§ Work instruction
With the pictures left out, print exactly the lines below that run from the one containing "Vetta montana che" through the one containing "južna-amerika-profil".

§ Information given
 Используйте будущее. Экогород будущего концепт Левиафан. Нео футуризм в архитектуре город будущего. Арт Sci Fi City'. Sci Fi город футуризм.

--

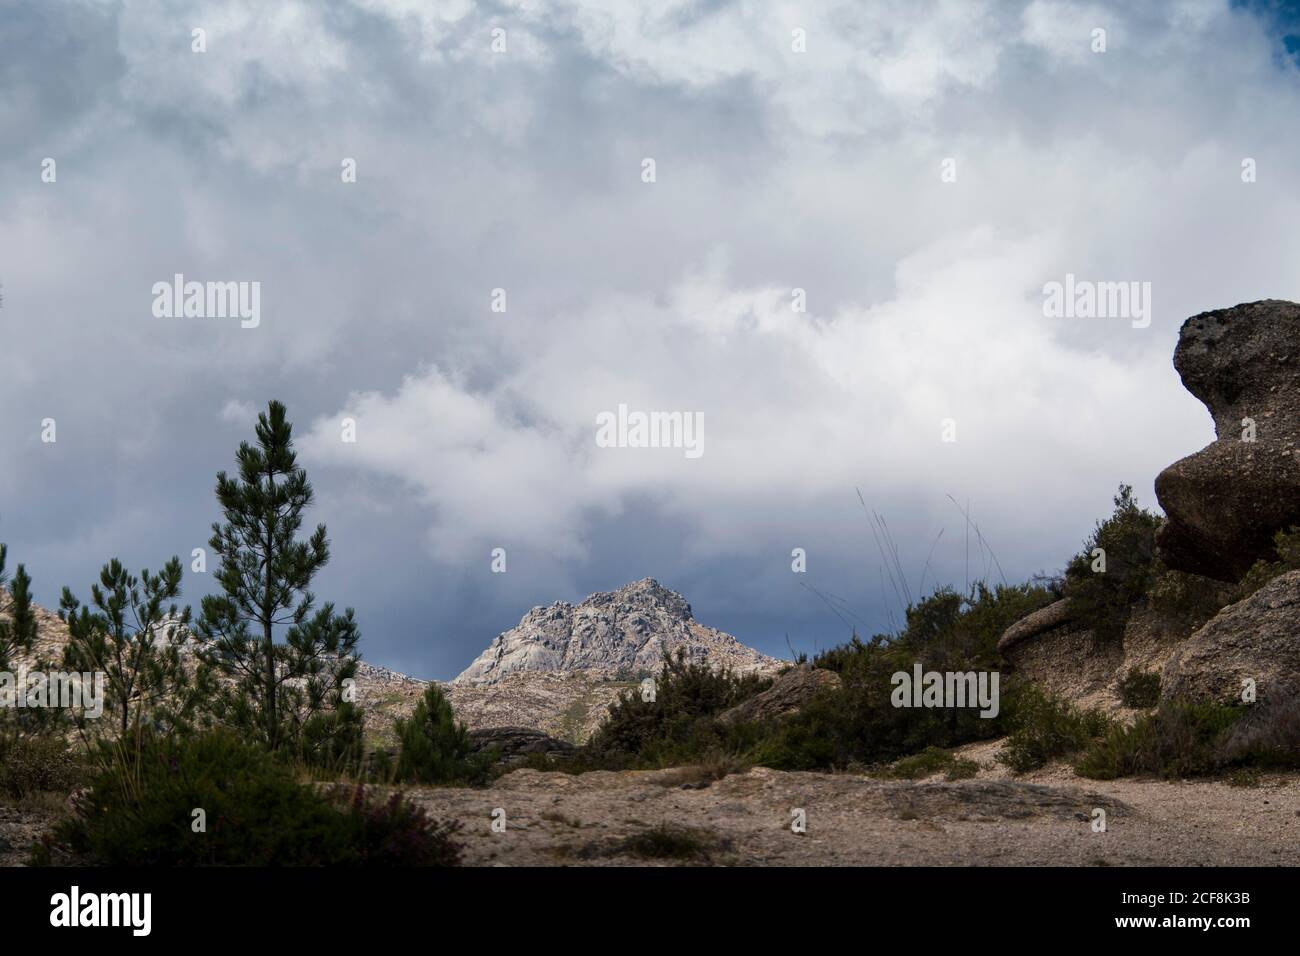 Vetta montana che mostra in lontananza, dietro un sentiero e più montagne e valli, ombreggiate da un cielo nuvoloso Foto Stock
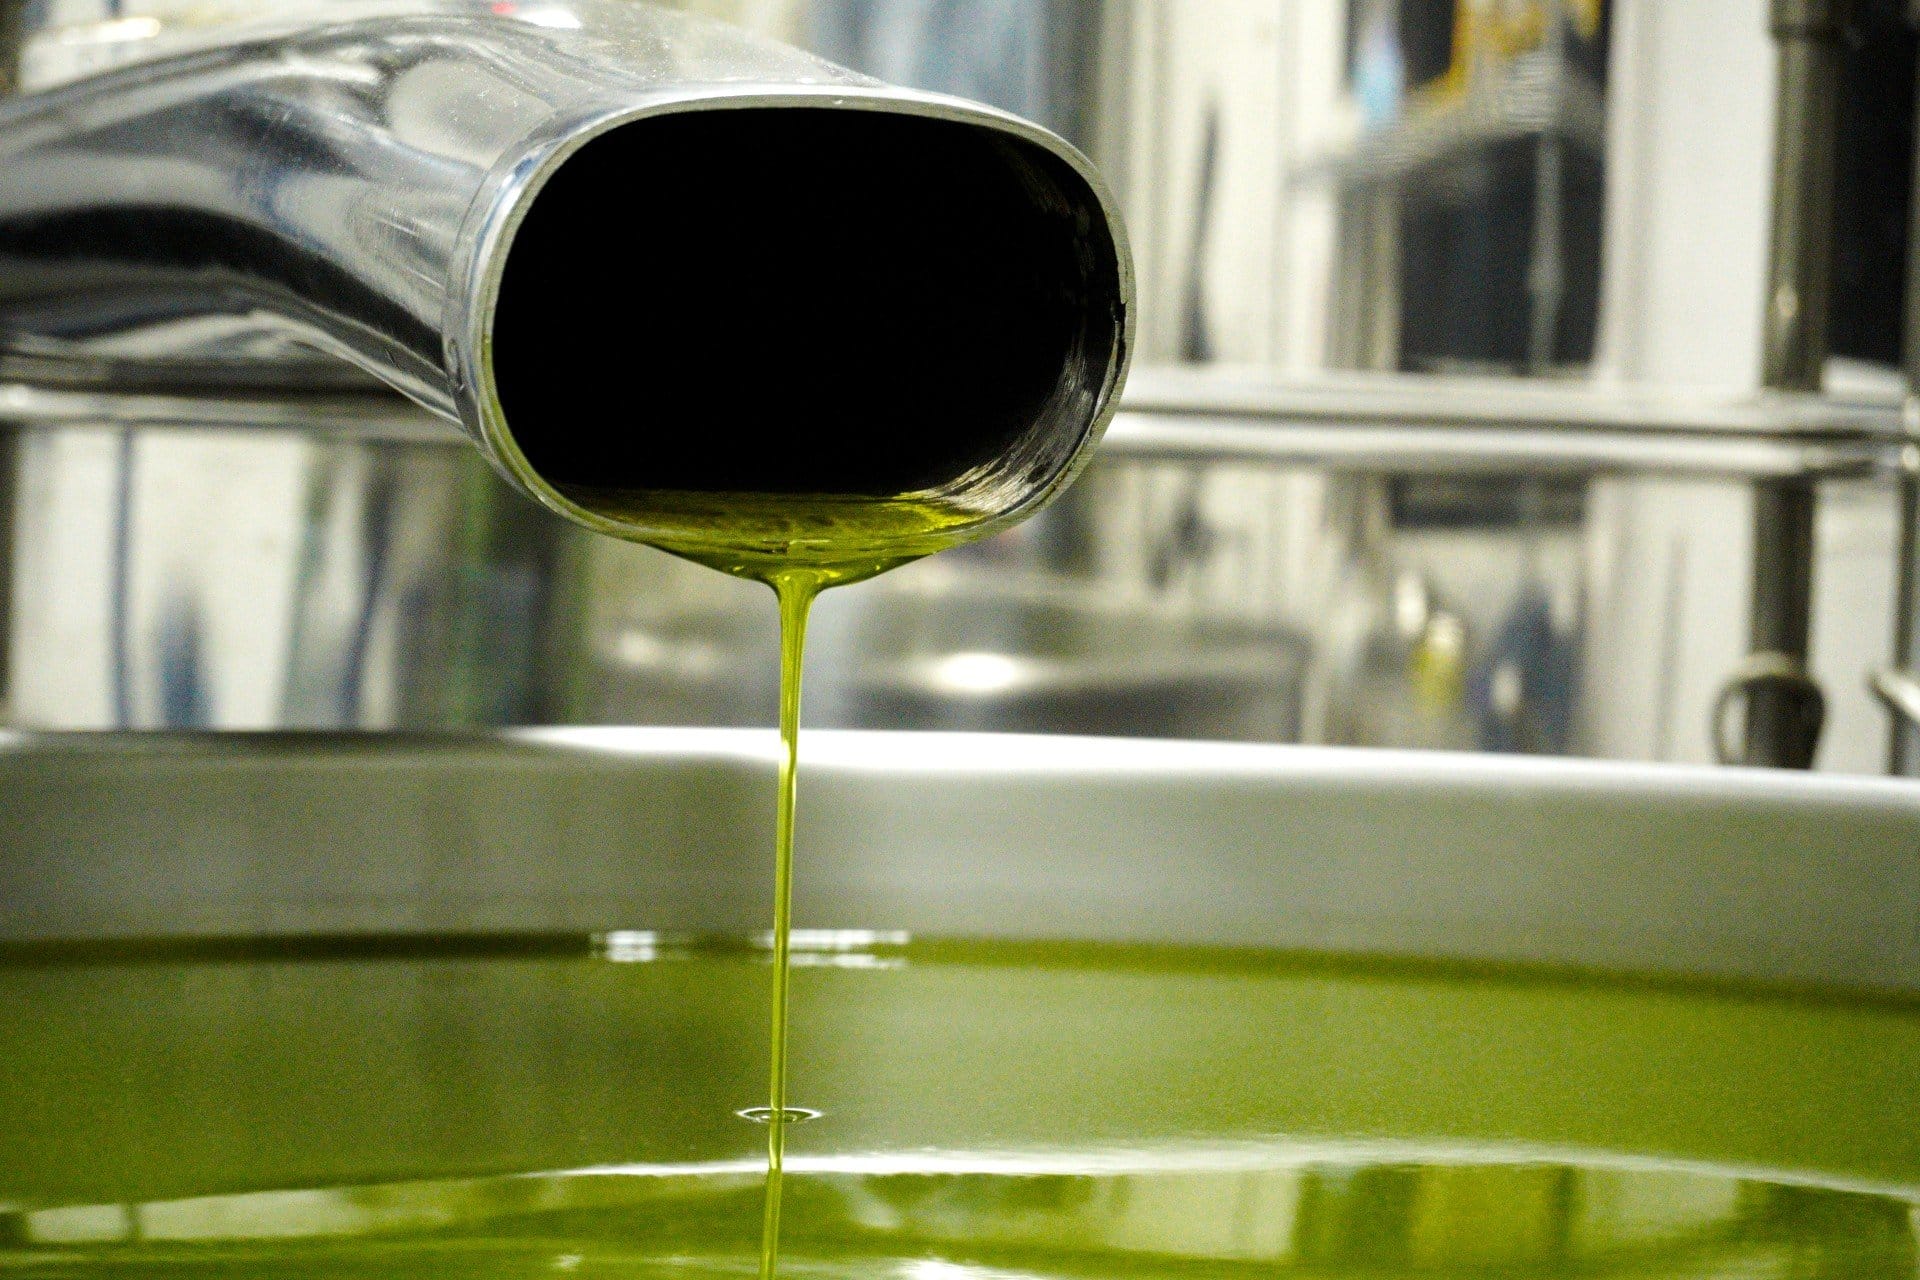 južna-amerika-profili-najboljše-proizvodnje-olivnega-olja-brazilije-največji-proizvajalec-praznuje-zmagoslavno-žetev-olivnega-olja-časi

§ Task answer
 Vetta montana che mostra in lontananza, dietro un sentiero e più montagne e valli, ombreggiate da un cielo nuvoloso Foto Stock
 južna-amerika-profili-najboljše-proizvodnje-olivnega-olja-brazilije-največji-proizvajalec-praznuje-zmagoslavno-žetev-olivnega-olja-časi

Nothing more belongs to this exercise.